VerticalResponse, on the other hand, has taken a different, albeit interesting approach. For their API they likewise start with the basic JSON API format, but for some reason decided against the universally accepted “href” or Hypertext Reference property, instead opting to use “url” or the uniform resource locator as the link URI identifier:
1 2 3 4 5 6 7 8 9 10 11 12 13 14
"links": {
"up": {
"url": "https://vrapi.verticalresponse.com/api/v1/contacts"
},
"lists": {
"url": "https://vrapi.verticalresponse.com/api/v1/contacts/1099513934863/lists"
},
"messages": {
"url": "https://vrapi.verticalresponse.com/api/v1/contacts/1099513934863/messages"
},
"stats": {
"url": "https://vrapi.verticalresponse.com/api/v1/contacts/1099513934863/stats"
}
}
Personally, I would recommend staying with the uniform “href” attribute as it denotes a reference to a hypertext link and is not as exclusive as an URL- which is not (although it commonly is) to be confused with URI. But you can read more on that here.
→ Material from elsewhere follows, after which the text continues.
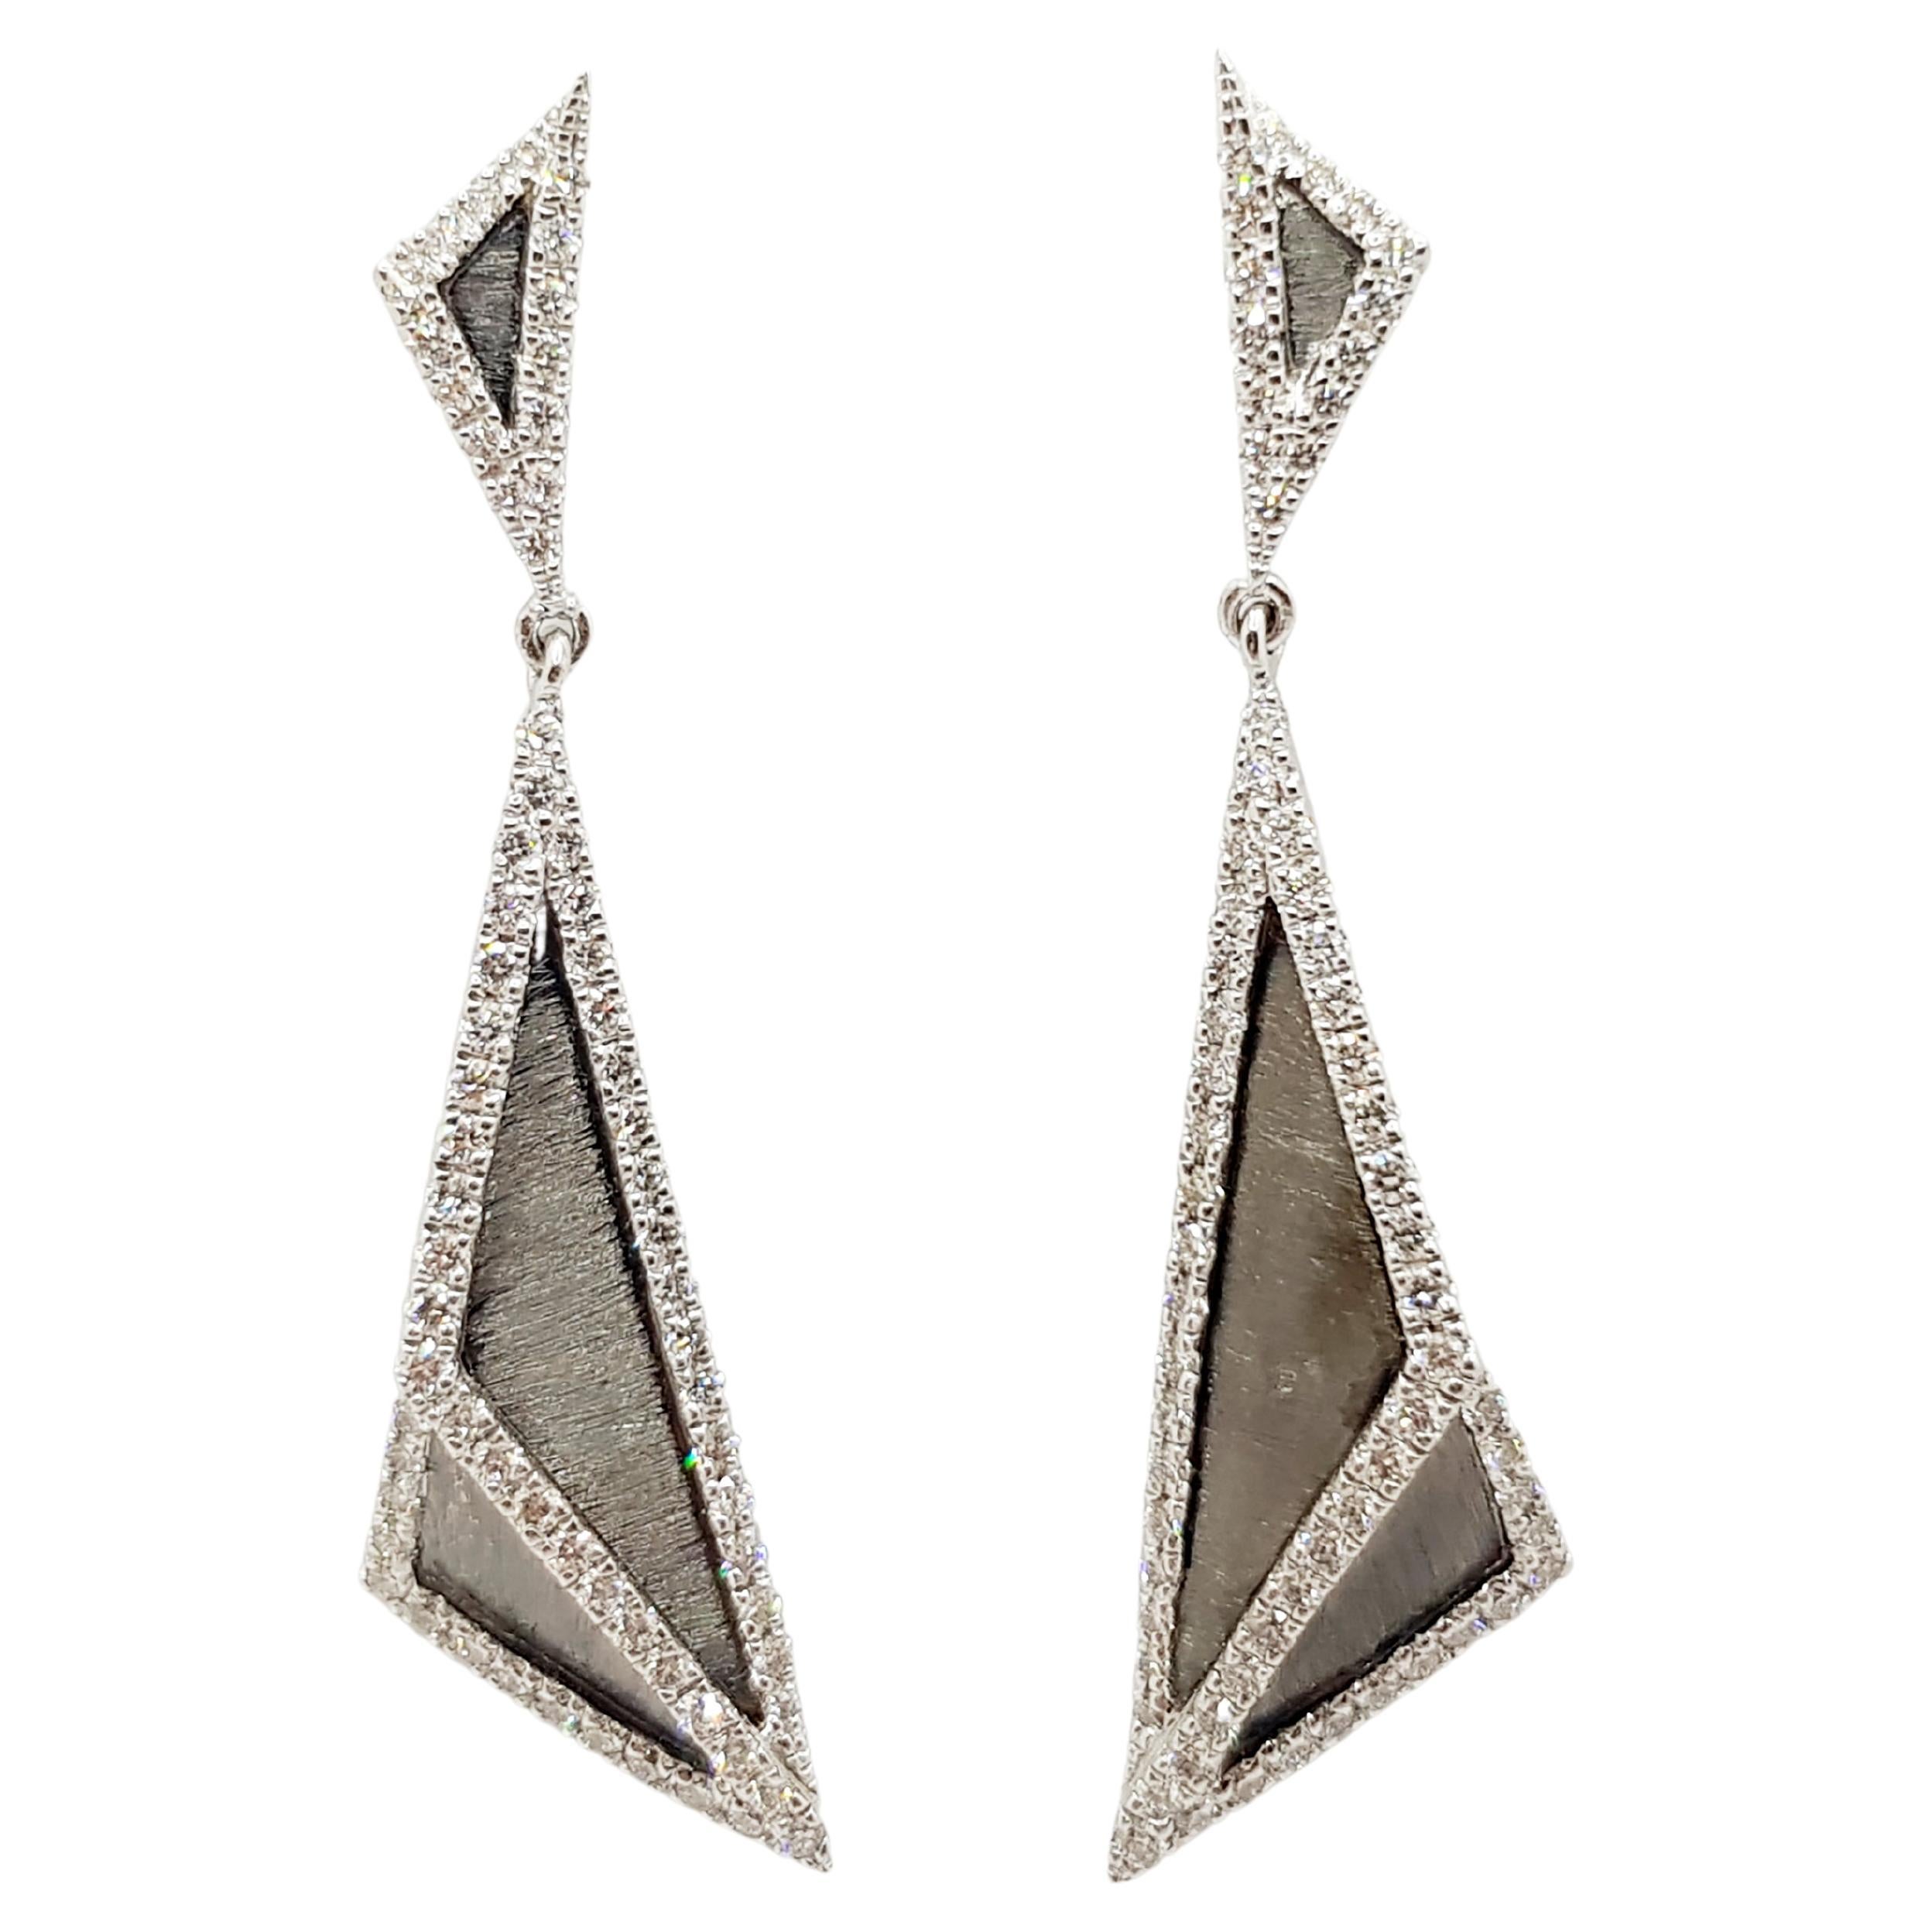 Diamond Earrings Set in 18 Karat White Gold Settings by Kavant & Sharart

On the other hand, Amazon’s AppStream API, Clarify, Microsoft’s Lync, and FoxyCart all prefer to follow HAL or the Hypertext Application Language format. HAL provides a simple format for nest-able links, but like other specs omits the methods property as included by PayPal, making theirs truly unique in that sense:
1 2 3 4 5 6 7 8 9 10 11 12 13 14 15 16
{
"_links": {
"self": {
"href": "https://api.foxycart.com/taxes/31588",
"title": "This Tax"
},
"https://api.foxycart.com/rels/store": {
"href": "https://api.foxycart.com/stores/66",
"title": "This Store"
},
"https://api.foxycart.com/rels/tax_item_categories": {
"href": "https://api.foxycart.com/taxes/31588/tax_item_categories",
"title": "Tax Item Category relationships"
}
}
}
However FoxyCart takes it one step further, not only taking advantage of hypermedia, but offering multiple formats for their clients to choose from, including HAL+JSON, HAL+XML, and Siren.
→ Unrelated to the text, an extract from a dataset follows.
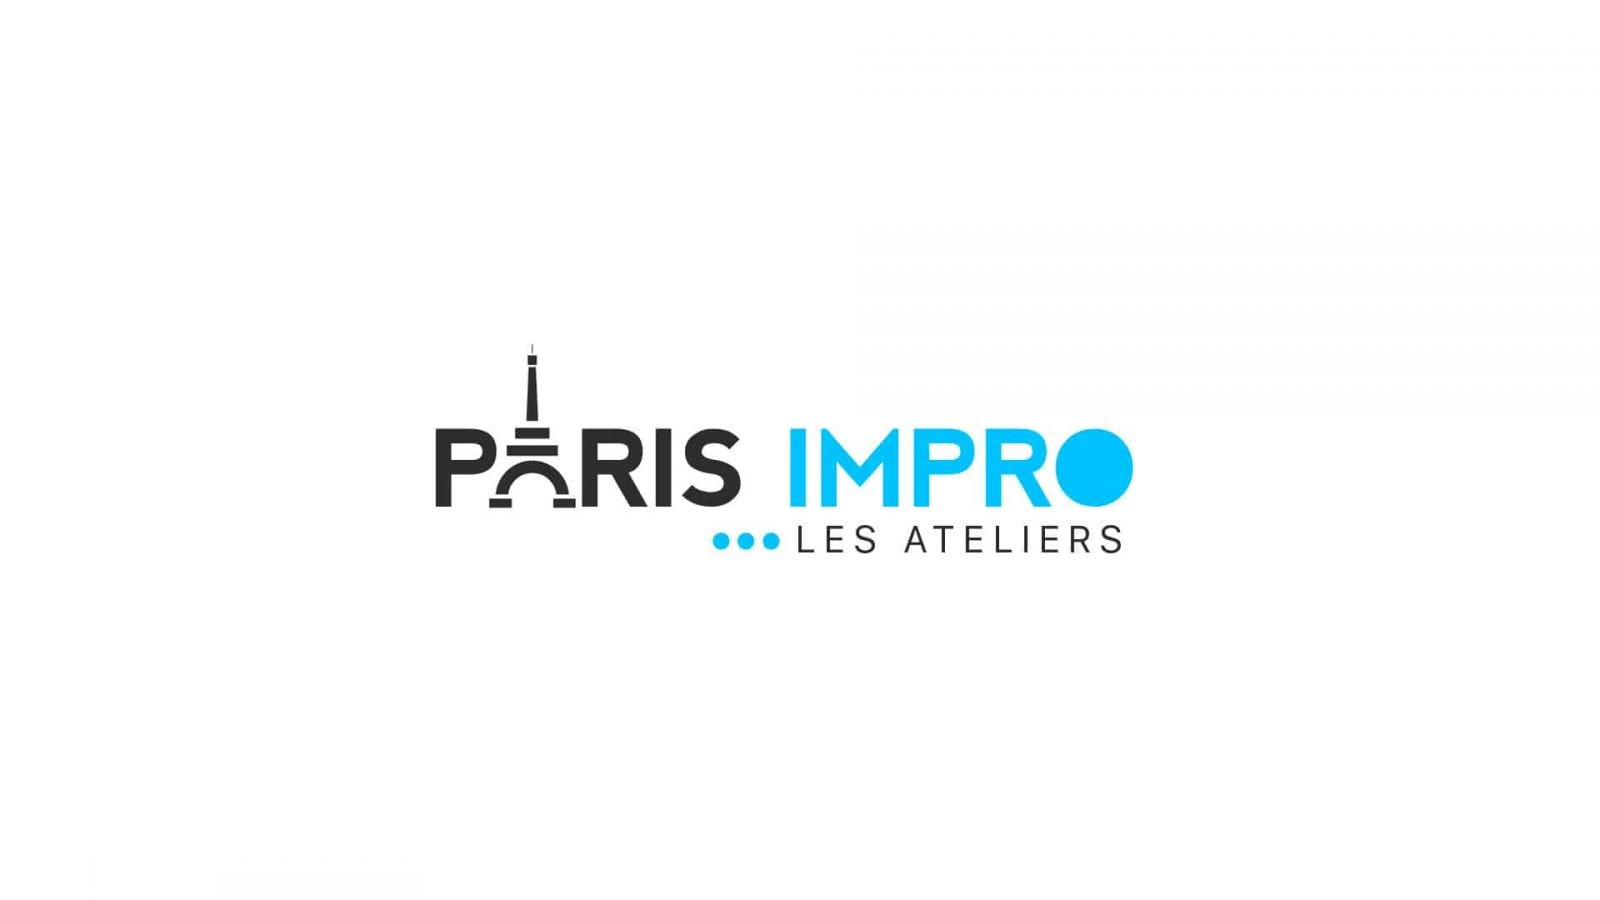 Paris Impro - Les Ateliers

This, however, highlights once again one of the biggest challenges with hypermedia driven APIs, the abundance of ideas and specs available for execution. While on one-hand I believe that by supporting both XML and JSON, as well as having multiple JSON formats FoxyCart is by far the most flexible (format wise) of the APIs, not having a singular standard for each language does present the challenge of forcing developers (and hypermedia clients) to support multiple formats (as they integrate more and more hypermedia APIs), while also having the understanding that not one format meets every API’s needs.
The good news, is that despite these growing pains, we are starting to see companies adopting certain specs over others, while also identifying areas for improvement (such as with PayPal’s adding of methods to JSON API). Next week we’ll take a look at some of the most popular formats out there in-depth, keying in on the strengths and weaknesses of each.
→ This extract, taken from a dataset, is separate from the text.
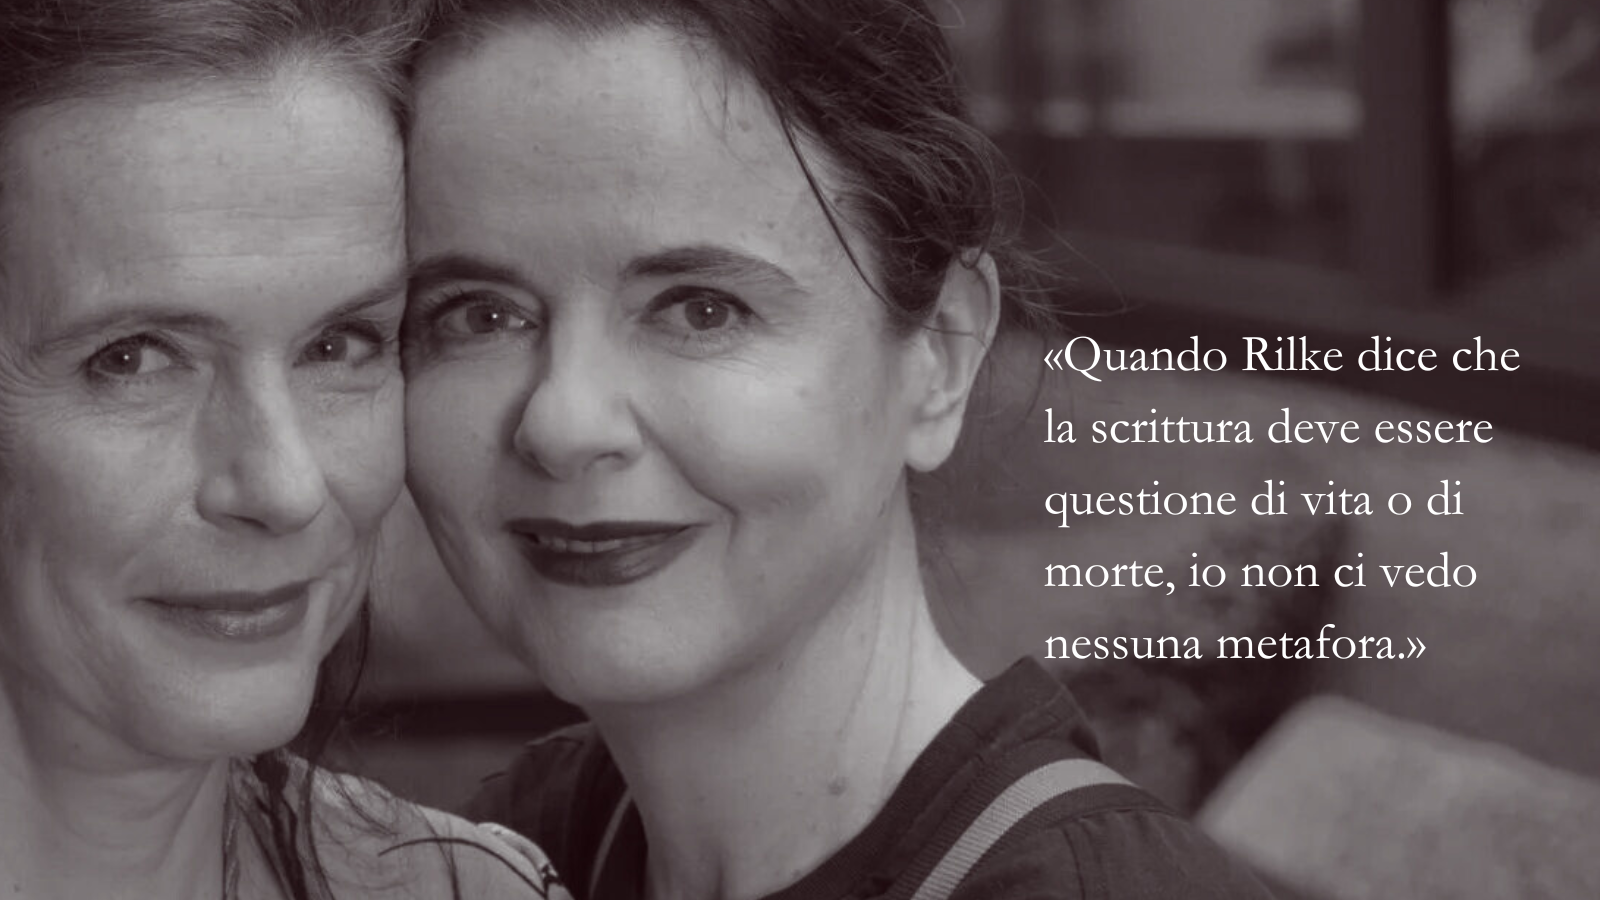 Amélie e Juliette Nothomb: le esperienze di vita dietro la parola stampata

But it’s important that as you build your API, you understand WHY you are building it the way you are. And this extends into how you build your hypermedia links, and whether or not you choose to take advantage of a standardized format (recommended), or venture off on your own to meet your developers’ needs. One of the best ways to do this is to explore what others have done with their APIs, and learn from their successes, and their mistakes.
It’s also important to consider where technology is going. And as more and more formats become available and change in popularity, it may be smart to follow FoxyCart’s lead – taking advantage of the spec that best meets your developers’ needs, but also keeping the link format decoupled enough from your data that you are able to return multiple formats based on the content-type received. Something that will allow you to take advantage of this best practice, while also being prepared for whatever the future may hold.